- Born: Pedro Pablo Martinez April 29, 1894 Porterville, California, U.S.
- Died: August 30, 1971 (aged 77) Tucson, Arizona, U.S.
- Education: California School of Fine Arts, San Francisco, Pennsylvania Fine Arts Academy
- Known for: Art Printmaker, illustrator, watercolorist
- Movement: landscape, regionalism, cowboy

= Pete Martinez =

American rodeo performer

Pete Martinez (April 29, 1894 – August 30, 1971) was an American cowboy artist who specialized in drawing, printmaking, and watercolor. He is best known for his illustration and prints of Arizona desert landscapes and images of cowboy life.

==Life==
In the early twentieth century a broad range of dynamic artists called Tucson, Arizona home. A collection of cowboys and rodeo stars picked up bushes, charcoal and pencils and began depicted the Arizona landscape. One of these individuals was Pete Martinez.

Martinez was born in Porterville California in 1894. He was raised in the area adjoining Deer Creek where his father worked as a cowboy and rancher. When his father was bitten by a rattlesnake and died Pete began supporting his family at the age of twelve. He followed his father's footsteps becoming cowboy. He rode herd for some major outfits including the Santa Rita Ranch of Los Banos, California, owned by the famed cattle kings Miller and Lux. He served as top rider for Mrs. George Coffee on her mountain Ranch in the Greenhorn Mountains in Kern County, California.

Martinez's horsemanship was recognized by racehorse owners throughout central California. He earned extra money riding these horses at the county fair. He developed into a superb roper, a skill that would transform him into rodeo star.

At an early age Pete began to draw the ranch experiences. He was encouraged by his fellow cowhands, who recognized the tactile authenticity of his drawings. It was not until 1915, with a small family inheritance that Pete was able to move to San Francisco began his formal art training. He entered the Mark Hopkins Institute of Art, later called the California School of Fine Arts.

One day he showed his instructor a sketch of a horse. The teacher advised Pete to go immediately to cattle country “where he might discover something.” Pete Headed to Elko, Nevada. For three years Pete studied art in the winter and rode the ranges of Nevada in the Summer. He started as a string rider and in two years rose to foreman. Martinez described the period in his own words: “Bad Horses to ride and good scenery to paint.”

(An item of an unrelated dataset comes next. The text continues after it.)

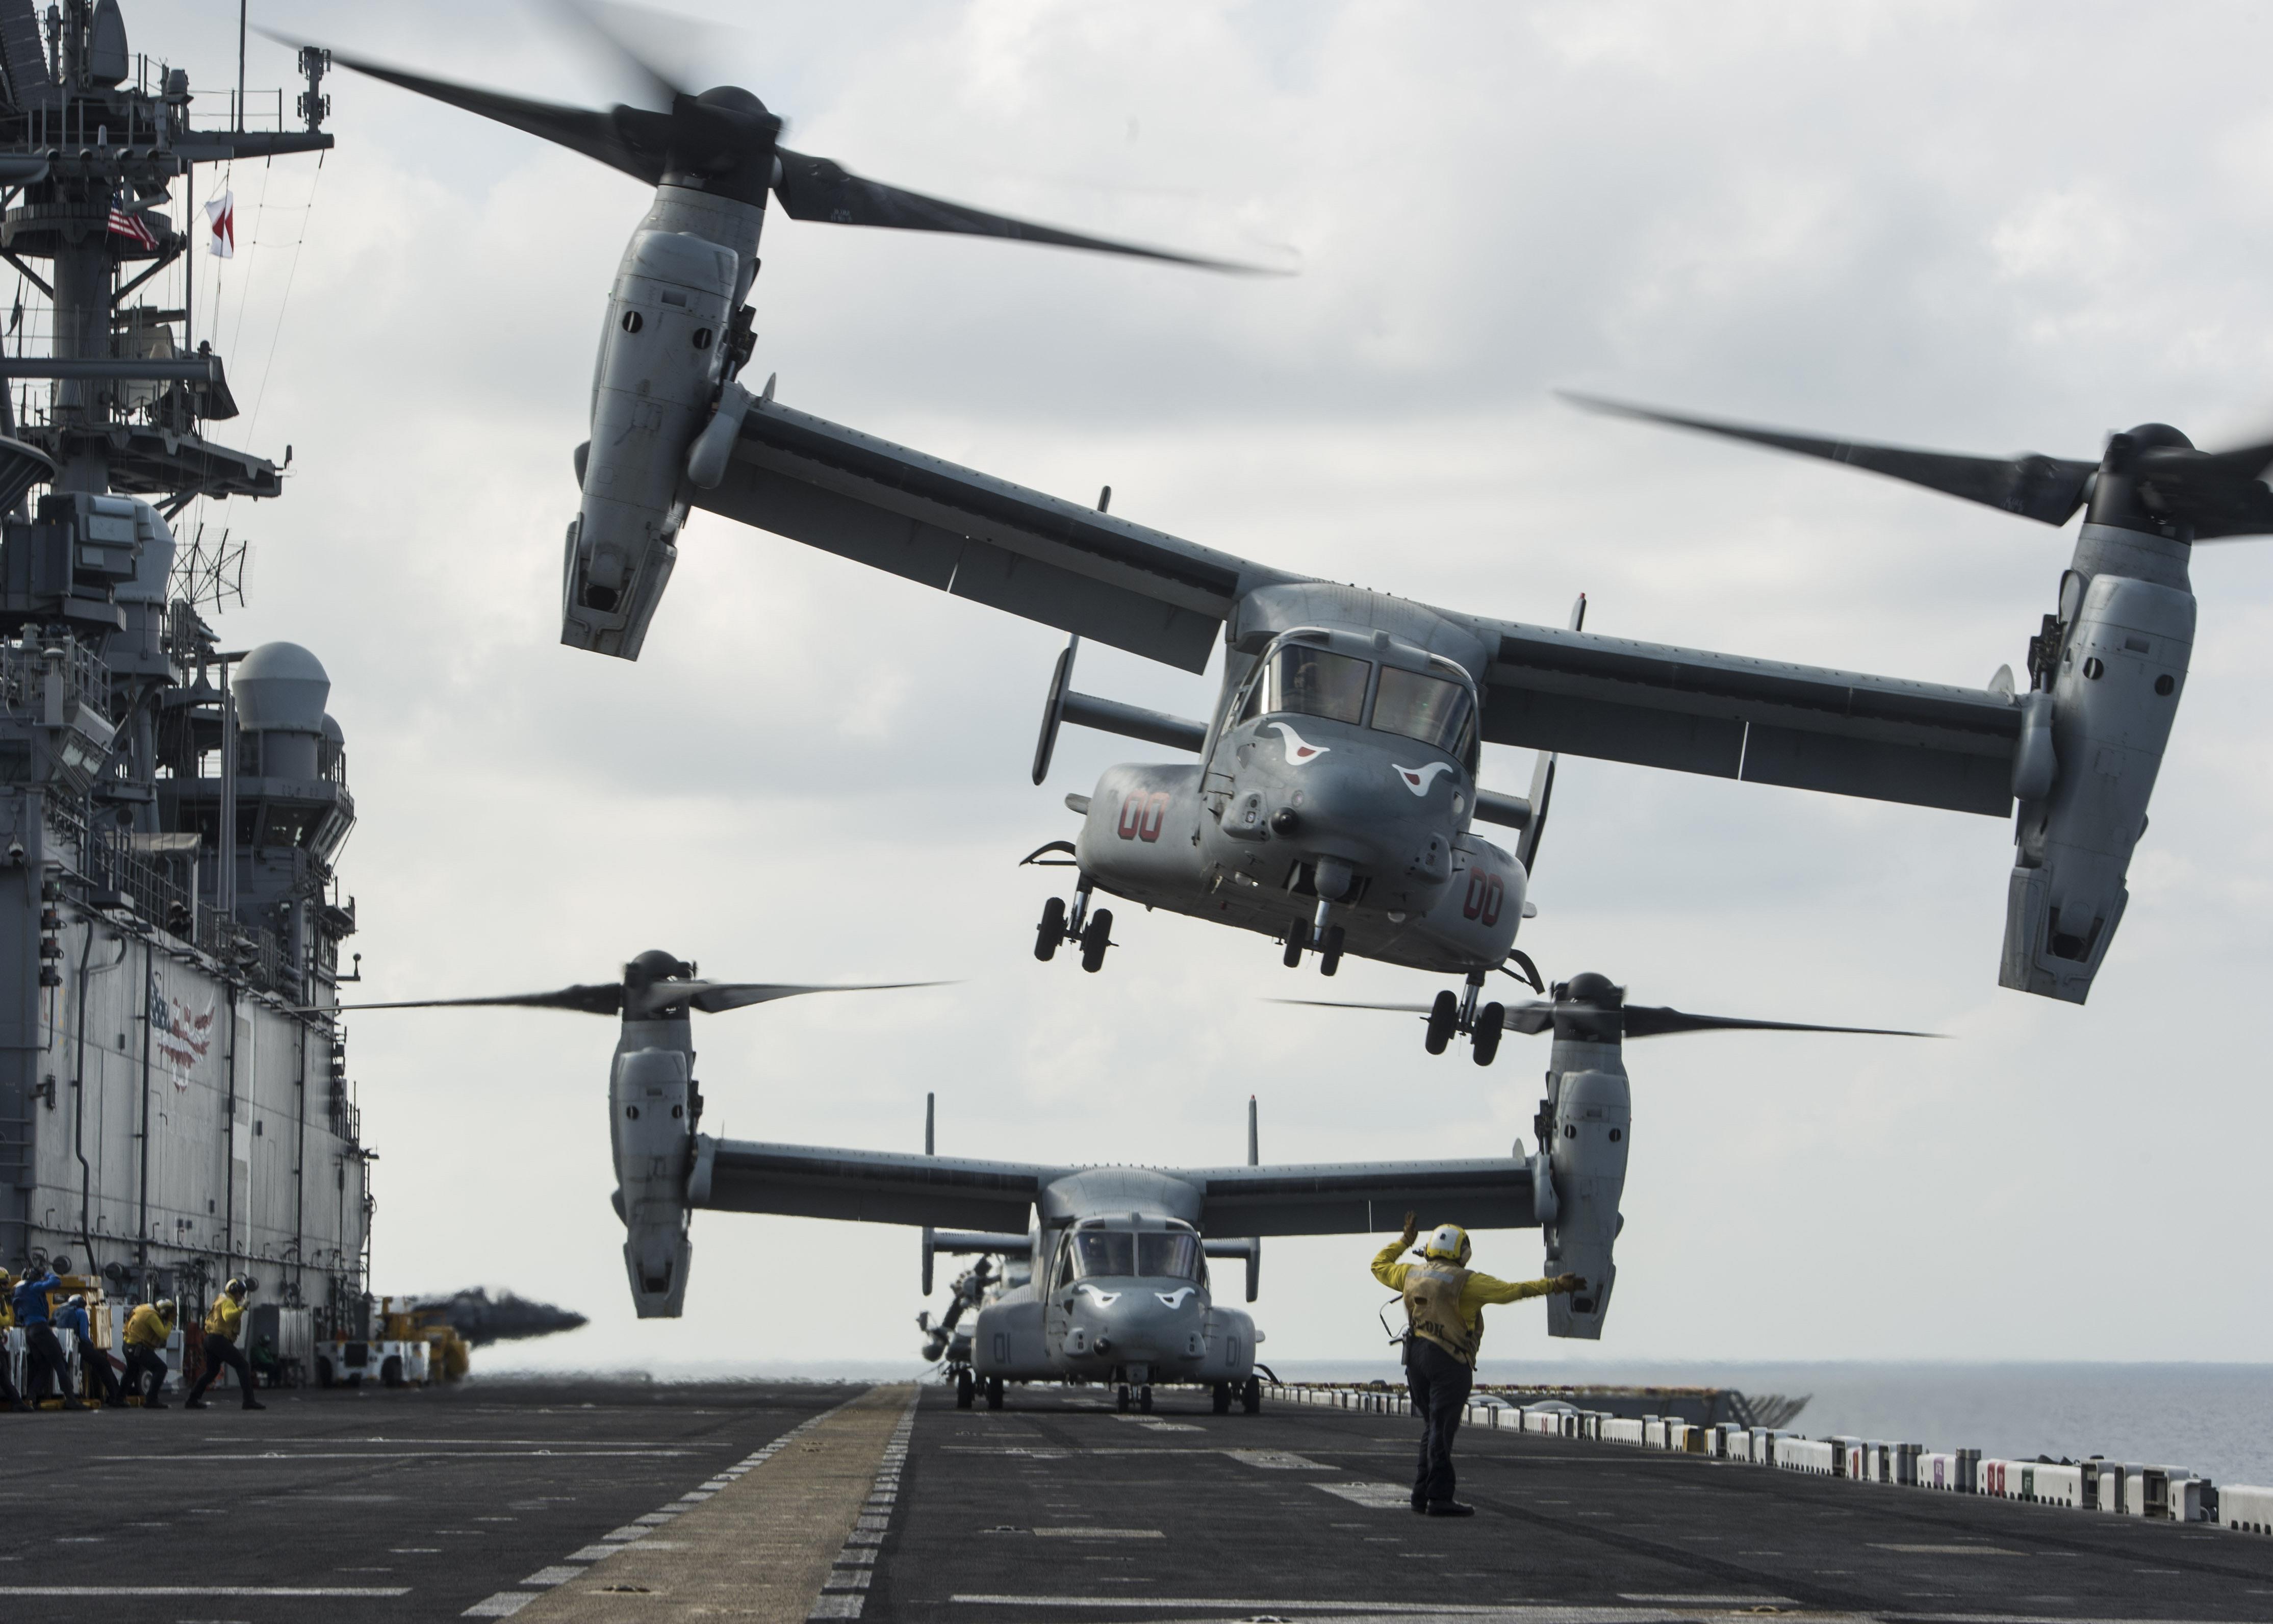 Navy Aircraft : F18 Hornet & Super Hornet - E-2 Hawkeye ... - Page 2 32780875851_46e5f35738_o
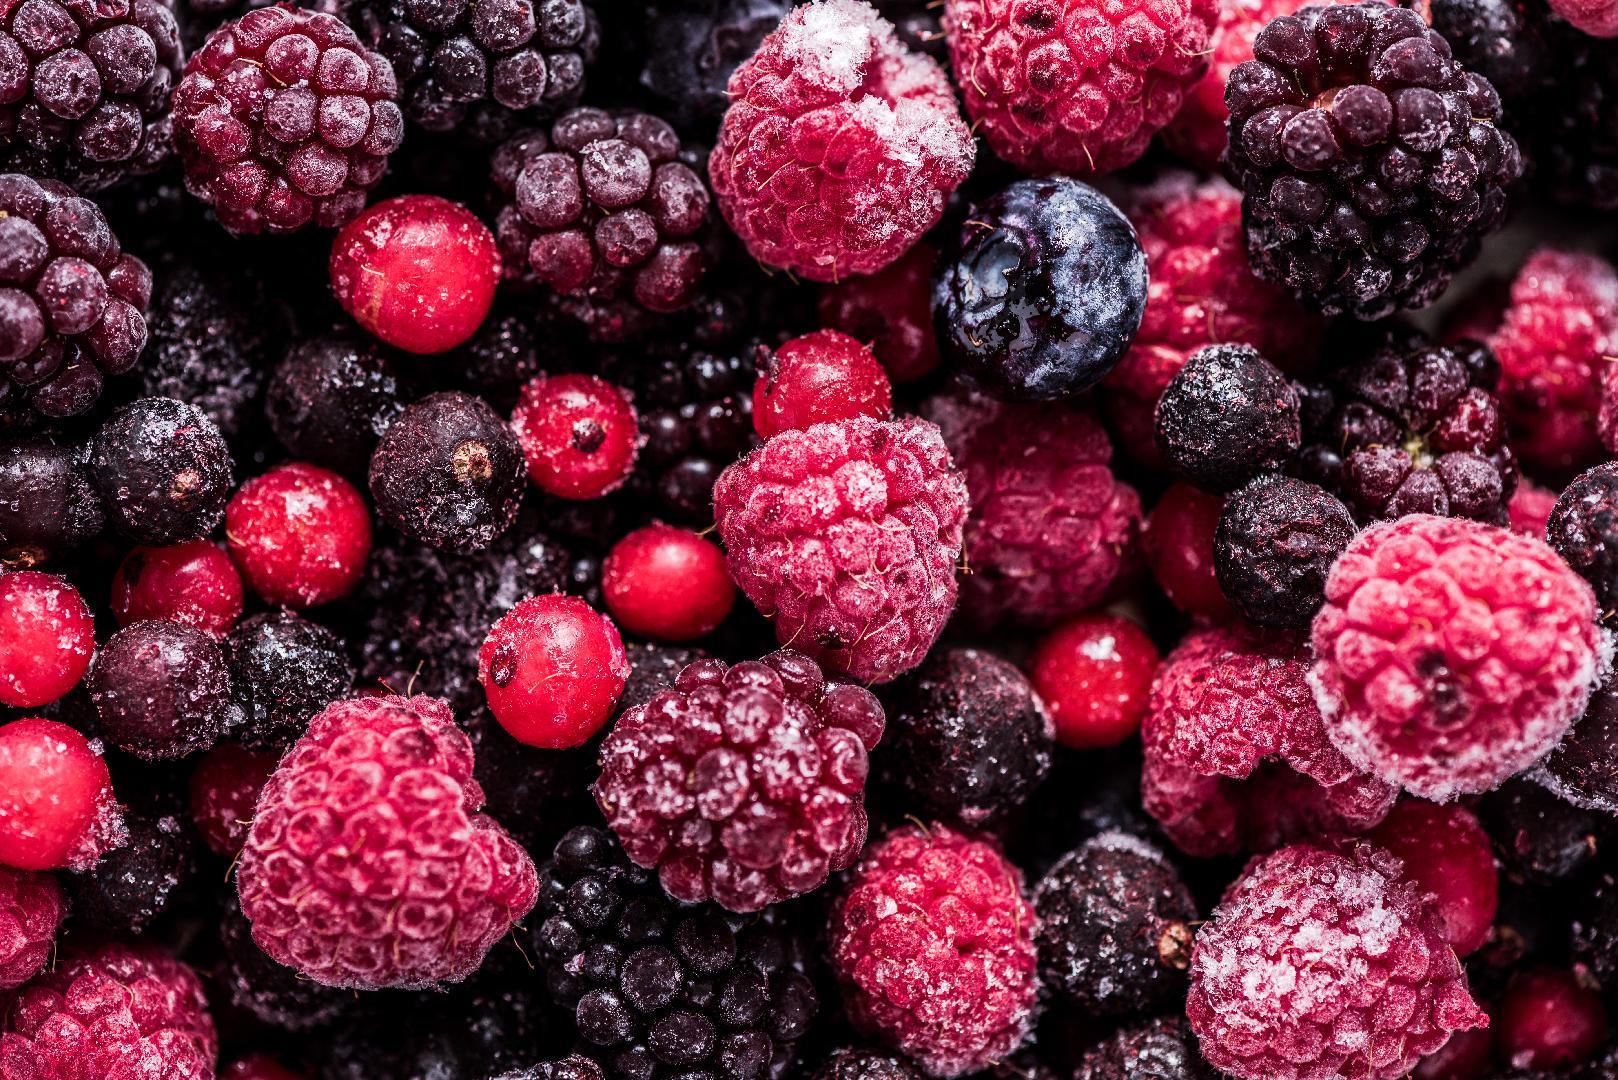 Costco and Kroger Recall Frozen Berries for Possible Hepatitis A

While working for the Union Land and Cattle Company, Nevada's largest ranching operation that he met Will James. And it was during this time that Jack Van Ryder worked as a hired hand for Martinez.

Martinez moved to Philadelphia to study at the Pennsylvania Academy of Fine Arts where he developed his skill as an etcher, winning an award from the Graphic Sketch Club of Philadelphia. He also studied at the Art Student League in New York, where he kept a studio in the Woolworth Building. To supplement his income he performed on the rodeo circuit in New York and Boston, competing in Madison Square Garden
During the 1932 World Series Rodeo he joined up with other "hard-riding artist" including, Henry Ziegler and Harmon Pritchard. They created an art gallery at the entrance of the corridor at Madison Square Garden.

During World War I Martinez served in France. Returning to the states he enrolled for two years in the Pennsylvania Fine Arts Academy.

==New York==
Pete enrolled in the Arts Students League in New York maintaining a studio in the Woolworth Building.

During these years Pete was augmenting his income as a rodeo contestant. He became a top performer in the eastern circuit. At one of the Madison Square Garden rodeos he was the only contestant to enter all the bronc riding, bull riding, and calf roping event participating for the full 27 days.

==Tucson==
In 1932 on the Southwestern Rodeo circuit, Martinez performed in the Fiesta del los Vaqueros in Tucson. He met Victoria Kellner (aunt of the baseball pitcher Alex Kellner) and the two married.

The couple purchased a small ranch near Prince Road and Tucson Blvd, near the home of Maynard Dixon’s and down the street from the original Ettore DeGrazia Studio.

Martinez's art was known to captures the raw roughness of the wild range. A soft wooliness that does not sacrifice beauty.

Martinez painted a mural on the walls of the Hotel Congress bar Tap Room. A drop ceiling was added to the bar in the 1960s covering the murals. The mural remain one of Tucson's great lost artworks.

==Legacy==
Perhaps his most well-known work hangs in the Hotel Congress in downtown Tucson. For the famous Tap Room Bar, Martinez illustrated a series of drawings that depict the cowboy culture of the west.

Martinez died in Tucson on August 30, 1971, but his work continues to provide color and definition the Tucson and the West.

==Artwork==
Pete Martinez was an artist who worked primarily in illustration and painting.